Available data:
══════════════════════════════

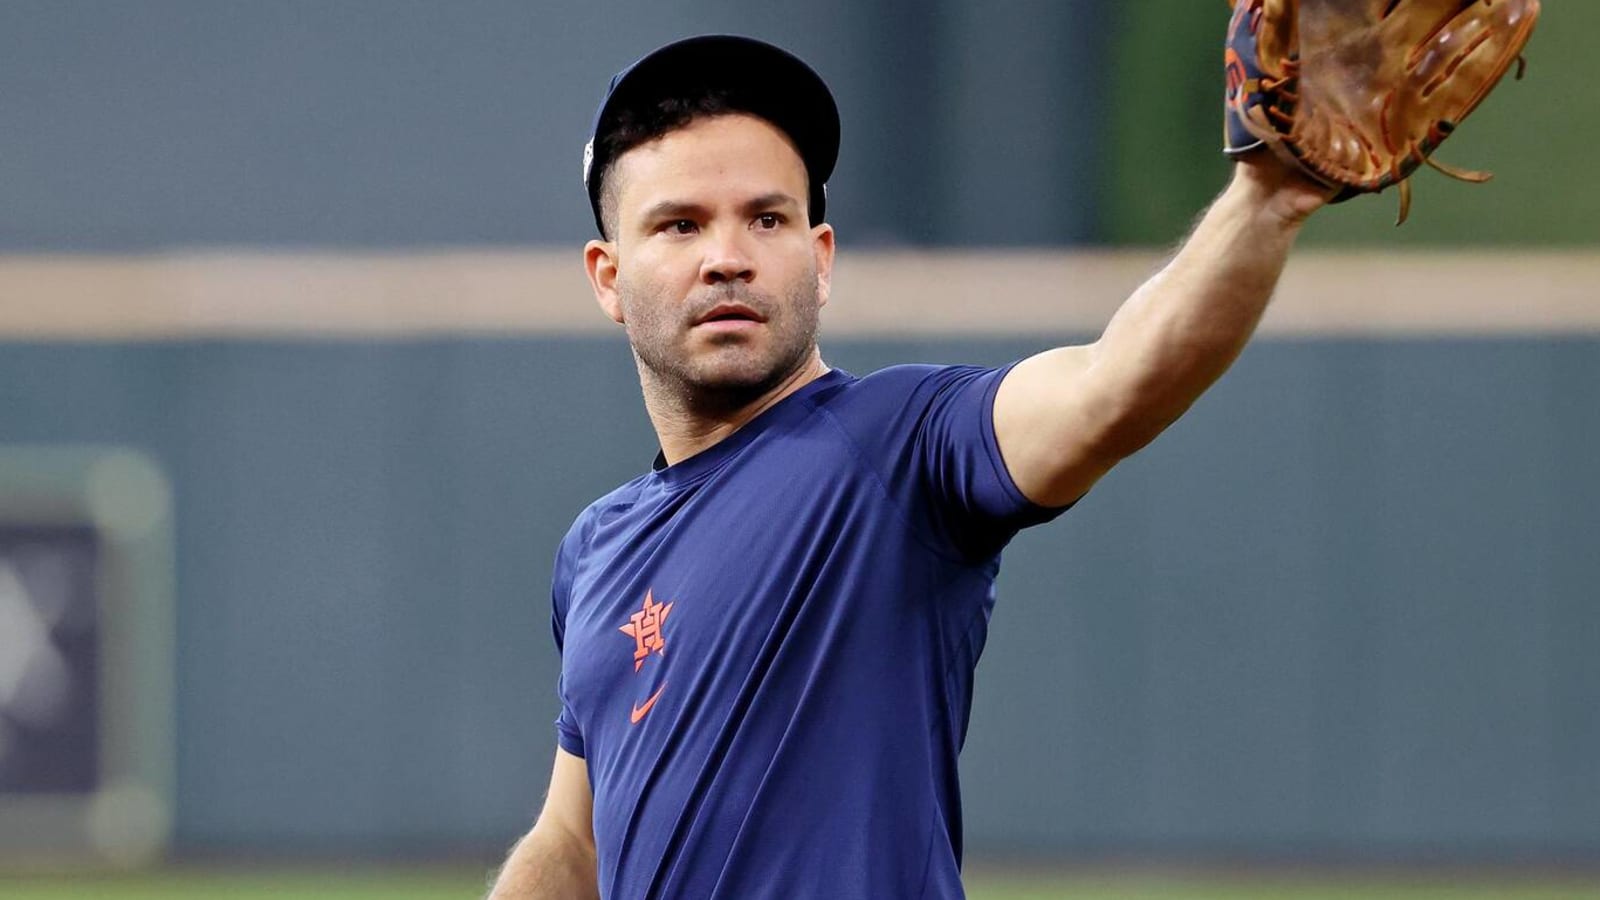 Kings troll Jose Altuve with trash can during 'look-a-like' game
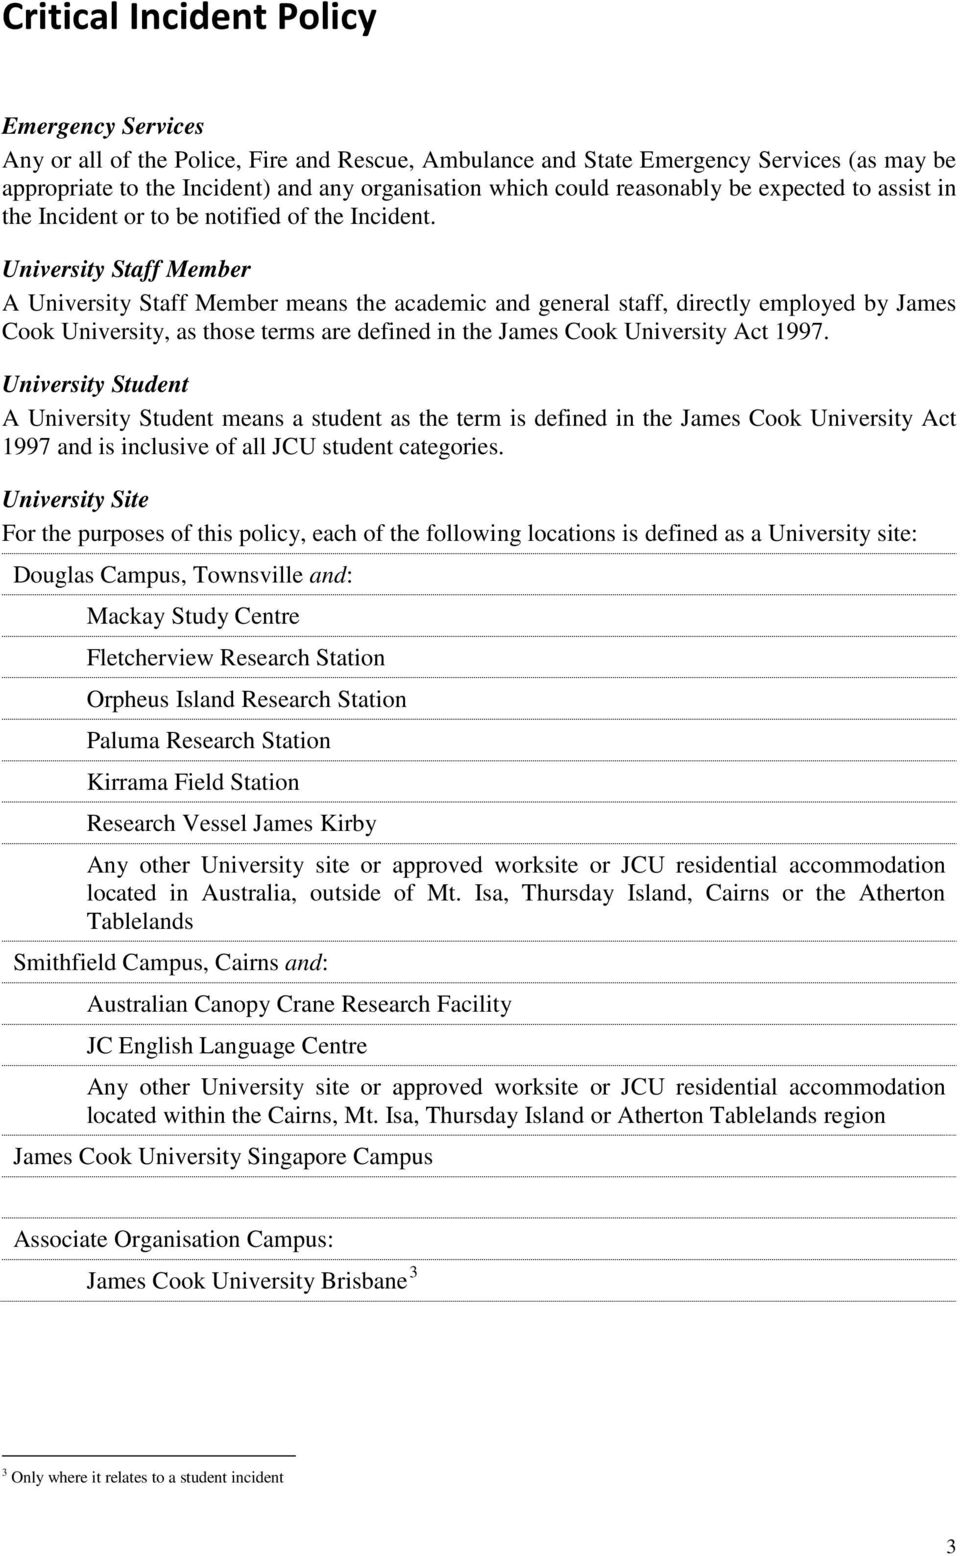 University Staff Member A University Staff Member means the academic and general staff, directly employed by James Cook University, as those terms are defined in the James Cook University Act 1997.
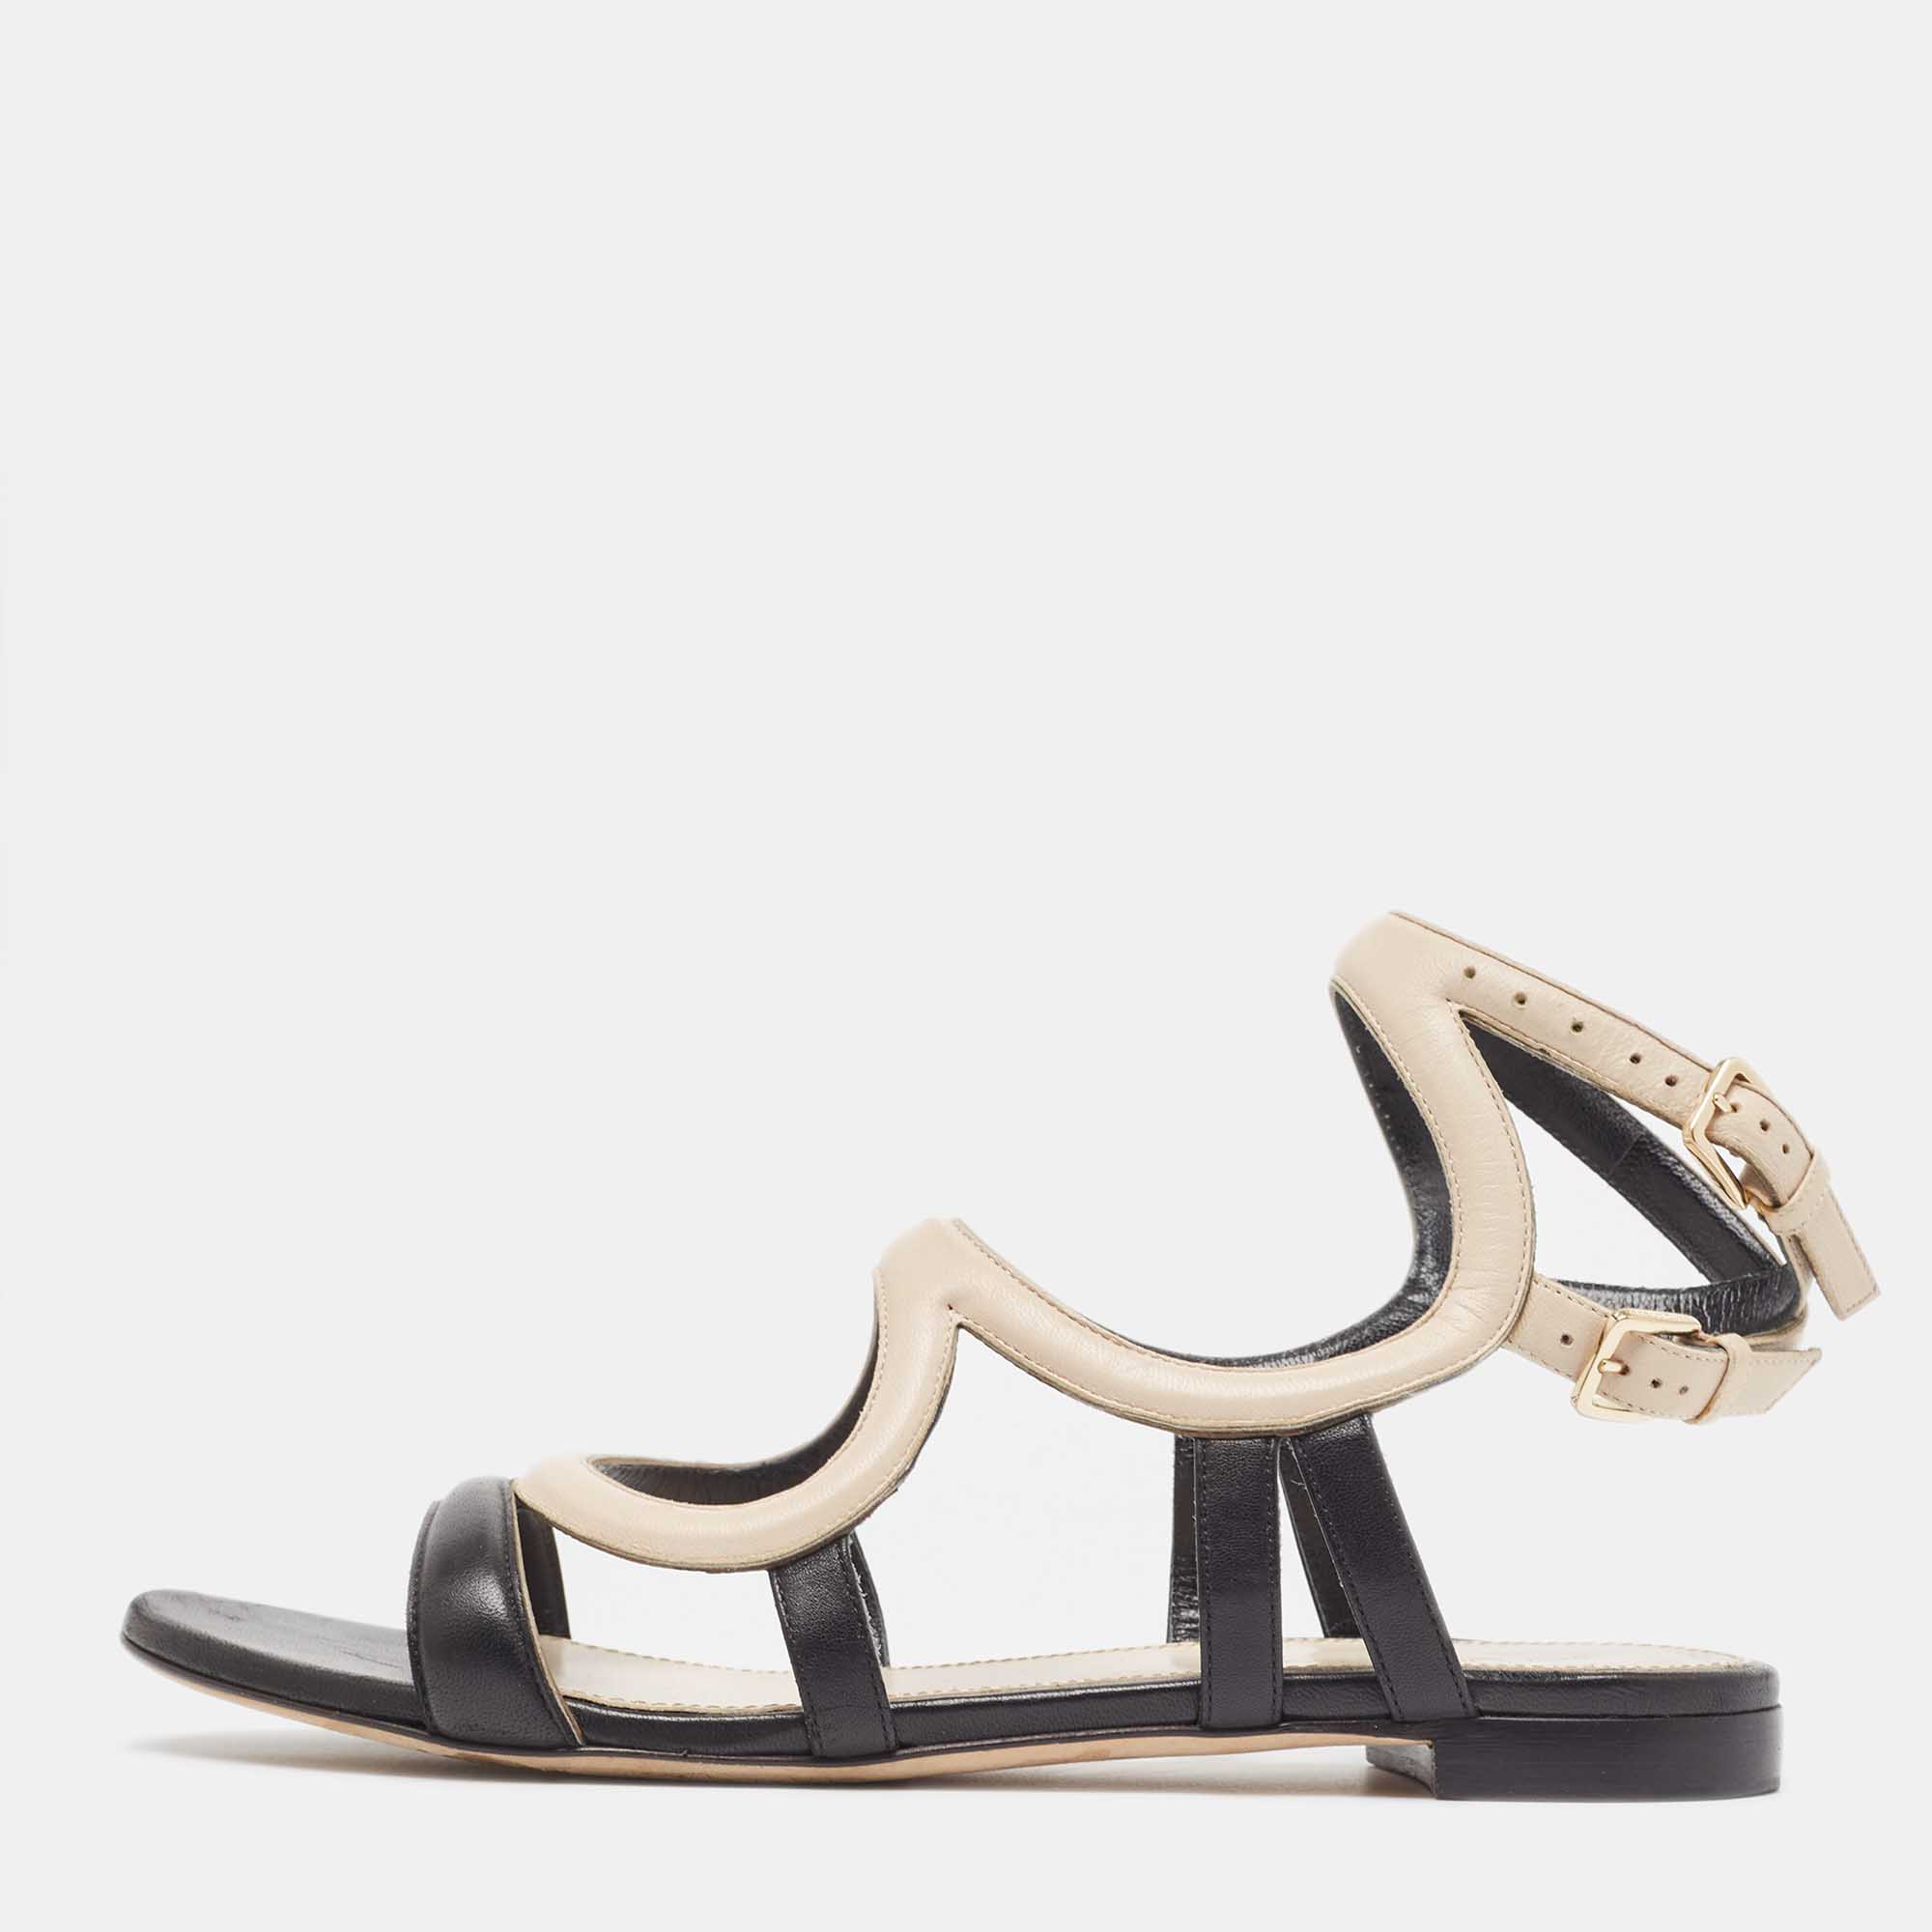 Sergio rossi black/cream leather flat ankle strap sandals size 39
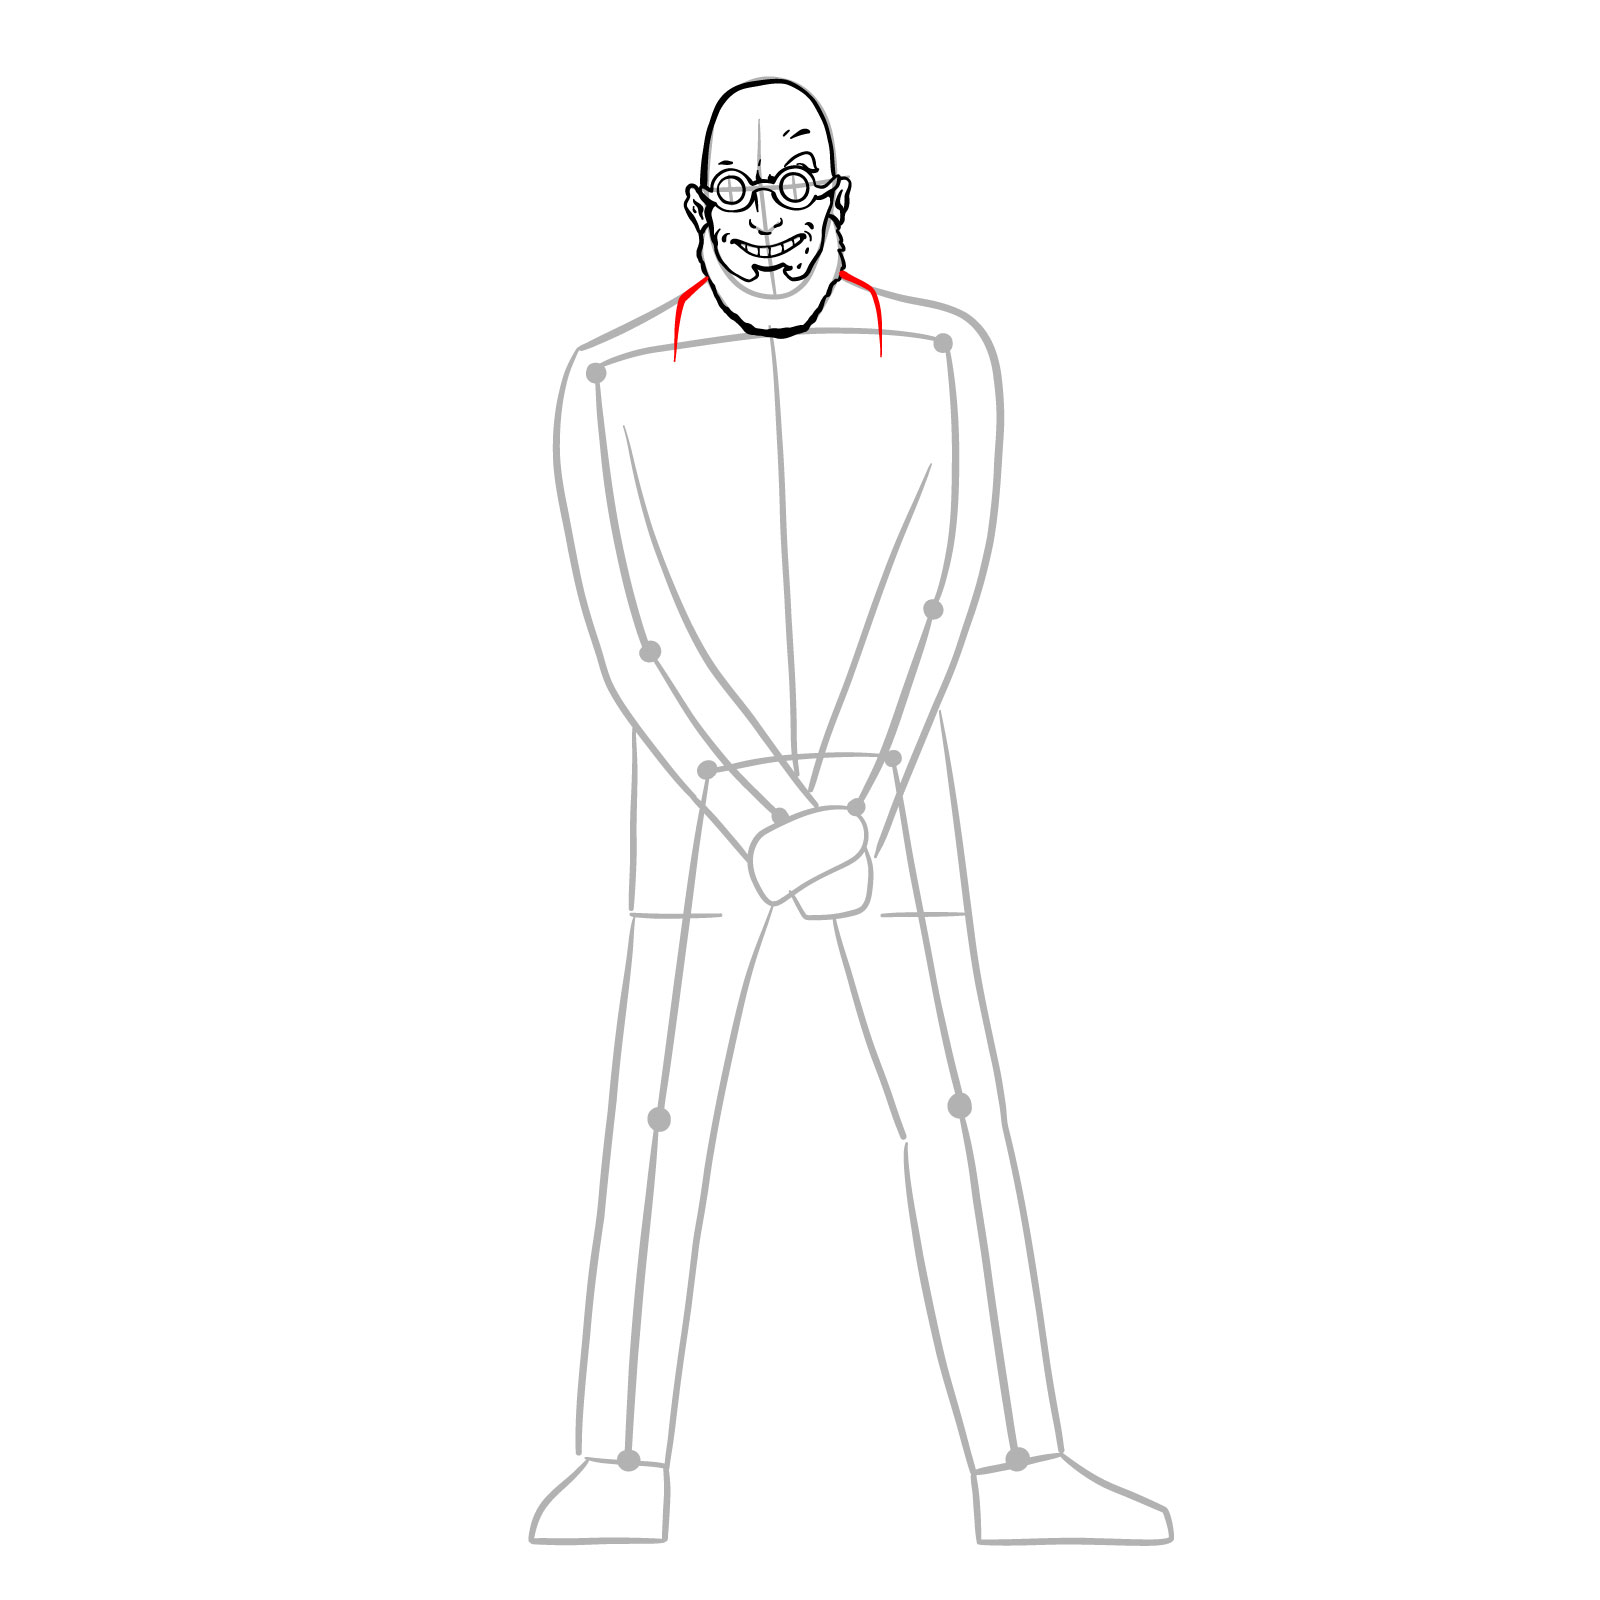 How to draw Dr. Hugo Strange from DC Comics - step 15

══════════════════════════════

Work to be completed:
Starting with the line that holds "University Staff Member A", repeat exactly every line through the end of the material above, both ends included, without the pictures.

Response for this exercise:
 University Staff Member A University Staff Member means the academic and general staff, directly employed by James Cook University, as those terms are defined in the James Cook University Act 1997.
 Sergio rossi black/cream leather flat ankle strap sandals size 39
 How to draw Dr. Hugo Strange from DC Comics - step 15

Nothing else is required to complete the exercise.